La dernière question traite des complémentarités structurelles pour un échantillon donné d’hôtels milieu de gamme en France. L’idée initiale était de répondre à la question : « quelles sont les variables qui impactent le plus les variables de performance ? » Dans un contexte environnemental donné, quels sont les complémentarités optimales permettant d’atteindre une performance opérationnelle supérieure ? Une fois l’ensemble de nos variables identifiées et mesurables, le groupe AccorHotels souhaitait travailler sur la recherche des complémentarités entre certains types d’hôtels (taille, localisation, type de management, contexte, équipements, …) et la qualité perçue par le client. A l’occasion des nombreux changements et de la mise en place d’une enquête concernant l’engagement des collaborateurs au travail, nous avons travaillé à nouveau cette question en la reformulant ainsi sous forme de trois questions : « Quels sont les déterminants de la performance opérationnelle des hôtels ? Dans quel contexte le personnel impacte-t-il la qualité du produit hôtelier perçue par le client ? Quels sont les antécédents des variables principales de la performance opérationnelle hôtelière ? » Un premier modèle de régression multiple nous montre dans un premier temps que le résultat d’exploitation par chambre possède trois antécédents qui l’influent positivement et significativement : (i) la qualité perçue par les clients, (ii) le niveau de digitalisation de l’hôtel et (iii) la proportion d’individuels.
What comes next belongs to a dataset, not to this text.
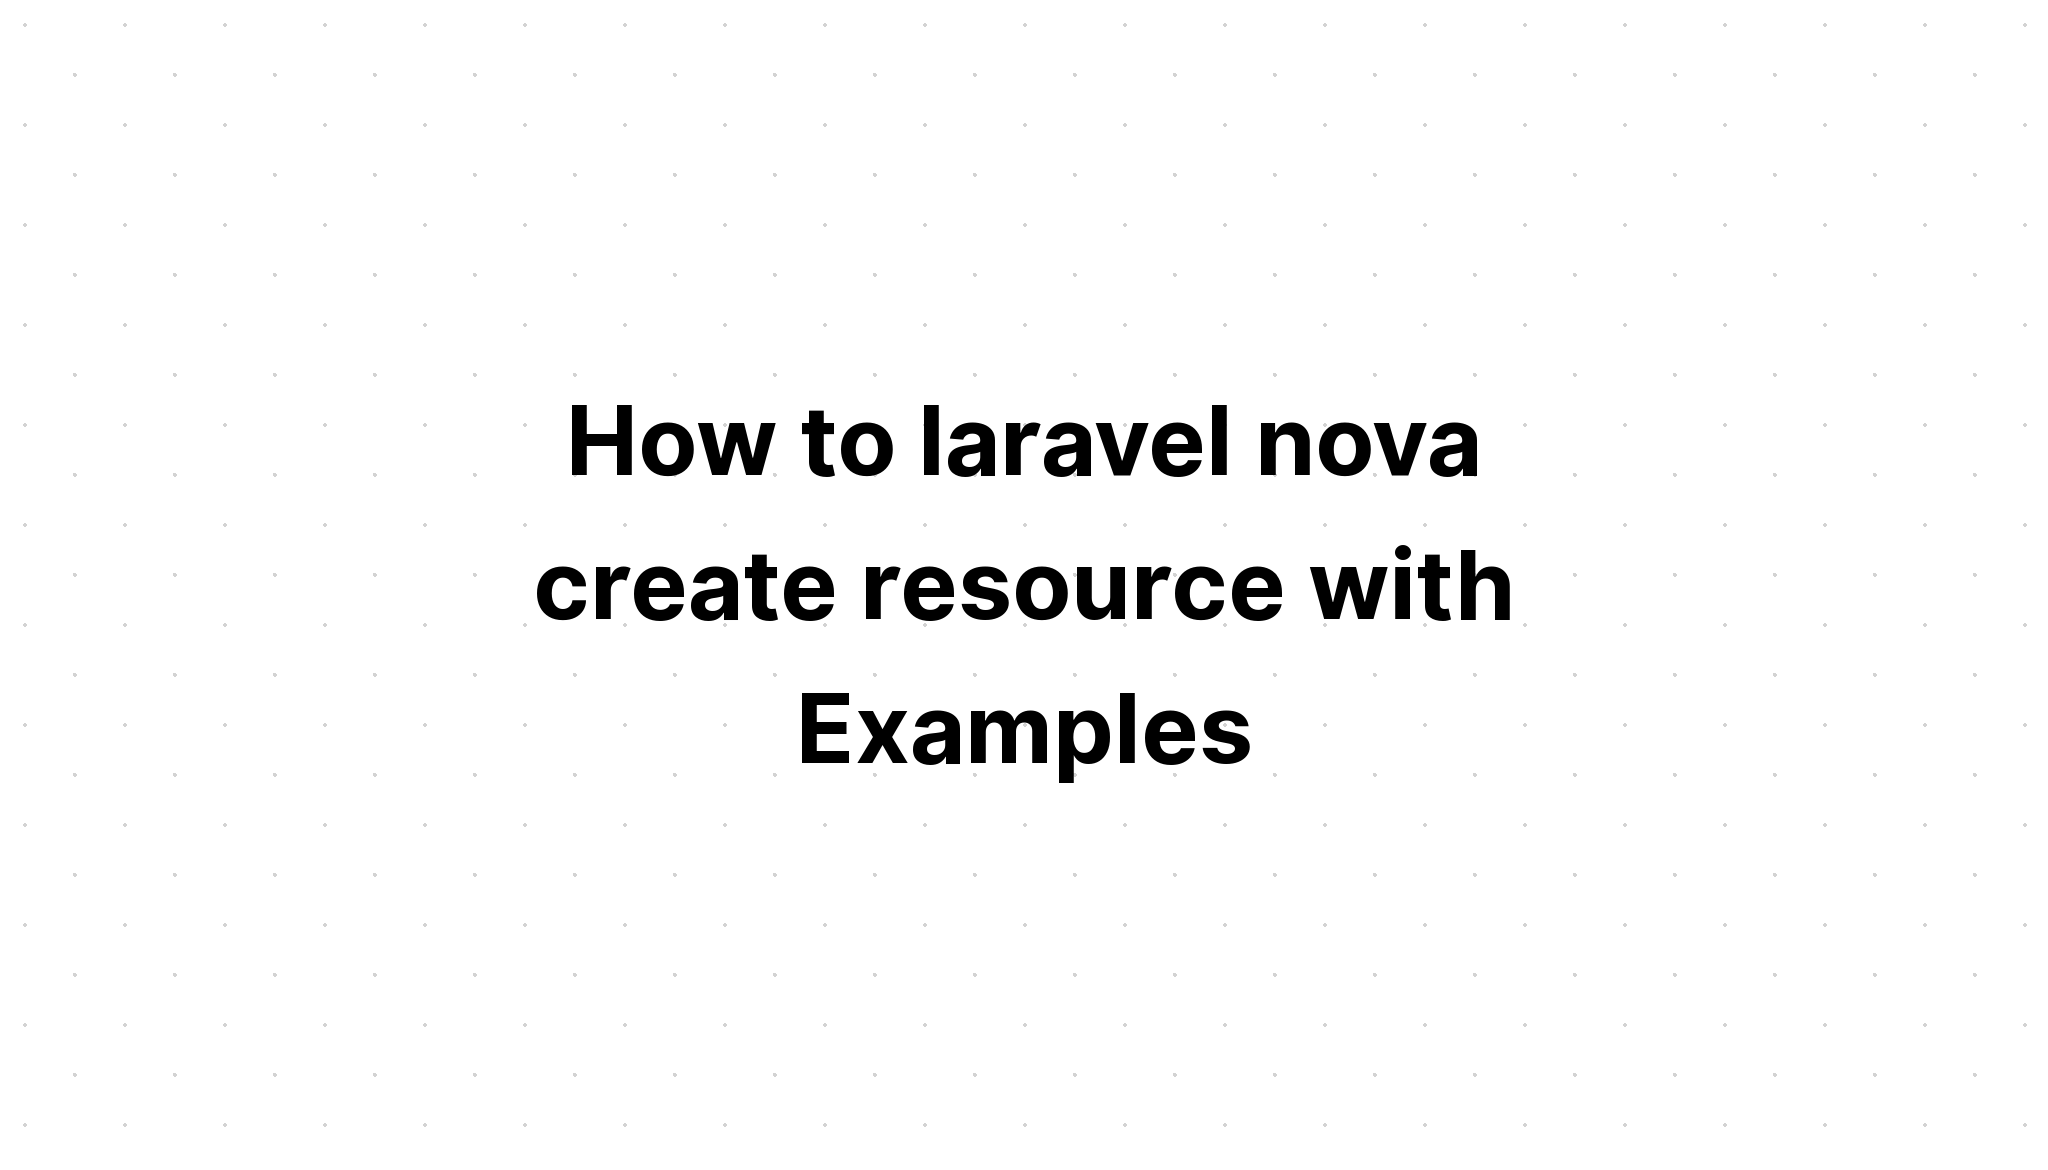 Cách tạo tài nguyên laravel nova với Ví dụ

De plus il existe une relation linéaire croissante entre le chiffre d’affaires hôtelier (RevPar) par chambre et le résultat économique par chambre de l’hôtel. Par ailleurs, nous apprenons que les établissements ayant un résultat économique et un chiffre d’affaires par chambres élevés ont significativement une meilleure qualité perçue par les clients, une localisation plus centralisée dans les grandes et moyennes villes et des rénovations plus récentes.

Dans un second temps nos résultats montrent que la taille n’a pas d’influence sur la qualité perçue par les clients dans notre échantillon d’hôtels milieu de gamme en France. Lors de la création d’un modèle mixte de régression linéaire, les rénovations récentes, un fort engagement des collaborateurs au travail, un haut niveau de digitalisation et une faible proportion de groupes loisirs impactent significativement la qualité perçue par les clients.

Ainsi, pour tous les types d’hôtels, surveiller l’engagement des collaborateurs au travail est un moyen d’améliorer sa qualité perçue par les clients. Nous verrons que dans certains types d’hôtels bien identifiés l’engagement des collaborateurs au travail a encore plus d’impact sur la qualité perçue par les clients.

Nous proposerons pour finir un modèle général décrivant quatre types d’hôtels qui se comportent différemment en fonction de l’engagement de leurs collaborateurs au travail, de la qualité perçue par leurs clients et de l’ensemble des paramètres individuels liées à l’hôtel. Ce modèle final permettra de tirer des conclusions pour les stratégies associées aux recherches du futur avantage concurrentiel.

Ce déroulement pourra apparaître au lecteur comme finalement assez conservateur, au sens où l’organisation de l’hôtel du futur semble déjà préexister dans les hôtels aujourd’hui. C’est souvent le cas. Le futur est latent et se trouve la plupart du temps dans le présent. Les enjeux se situent plutôt ici dans le repérage de ces éléments d’avenir cachés ou non dans le présent.